Was wäre denn ein cooler Job? Worauf haben die Teilnehmer Lust? Für die meisten war es der Computer, knapp dahinter folgte die Work-Life-Balance und dann zu gleichen Teilen: „Menschen“, „Sinn“ und „Sensation“. Was sich in der Fragestellung launig anhörte, spiegelte sich kurz darauf auch in der offenen Befragung: Was macht für dich einen coolen Job aus? Die Top-3-Antworten waren Abwechslung, Anerkennung, Herausforderung.
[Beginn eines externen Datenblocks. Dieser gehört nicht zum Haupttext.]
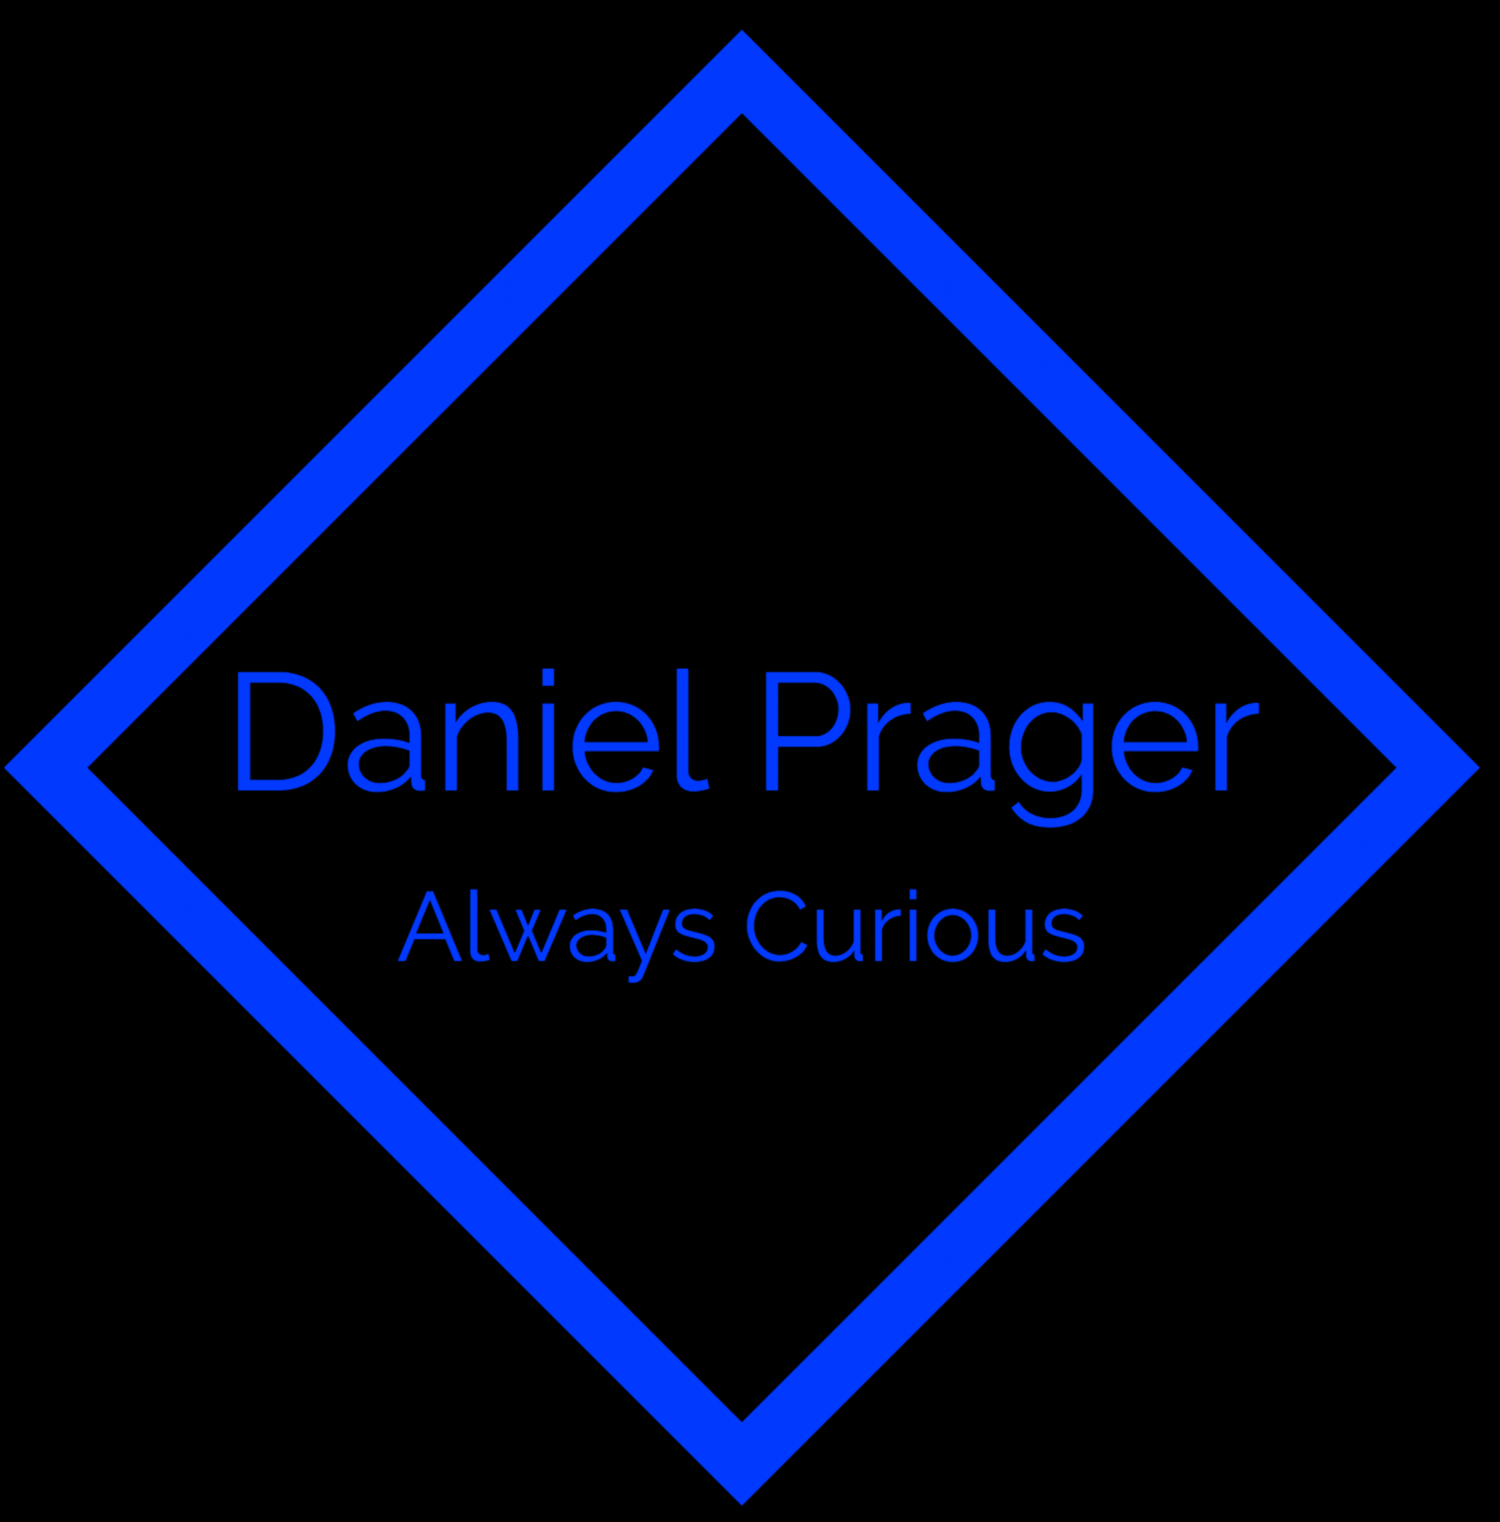 Daniel Prager

Und um das Bild noch zu schärfen, waren im nächsten Schritt alle aufgerufen, vorgegebene Attribute zu priorisieren – und siehe da: Ganz oben standen „Nette Kolleginnen und Kollegen“, dicht dahinter „Sinn-Stiftung“, „Work-Life-Balance“ und „Ich kann was lernen“. Geld und Location landeten im Mittelfeld. „Home Office“, „Reputation“, „Ruhm und Ehre“ interessierten weniger, und ein Fitnessstudio im Unternehmen so ziemlich gar keinen.

Was mir sonst noch wichtig ist, wollten die Moderatoren von ihrem Publikum wissen und gaben vier Antworten vor: Gibt’s im Unternehmen auch Frauen? – was einen Wert von 3,6 auf der Skala von 1 bis 6 erreichte. Gibt es Frauen in Führungspositionen? kam auf 3,3. Gibt es Partys? erreichte die Note 2,9. Geht man mit Kollegen regelmäßig in die Sauna? (was früher gar nicht unüblich war, wie Bernhard Cremer, Jahrgang 1963, beteuerte) kam nur auf 1,9.

Tiefgründiger wurde es dann wieder gegen Ende. Auf: Was kannst du besser als andere? kamen Stichworte wie „aufräumen“, „vernetzen“, „zuhören“, „coachen“, „Kreativität“, „Programmieren“, „für Themen begeistern“. Noch aufschlussreicher war die Frage „Das würde ich für Geld niemals machen“. Eine Auswahl der Antworten: betrügen, lügen, Müll verkaufen. Meine Überzeugung aufgeben, mein Privatleben aufgeben, 60 Stunden pro Woche arbeiten. Langweilige Aufgaben.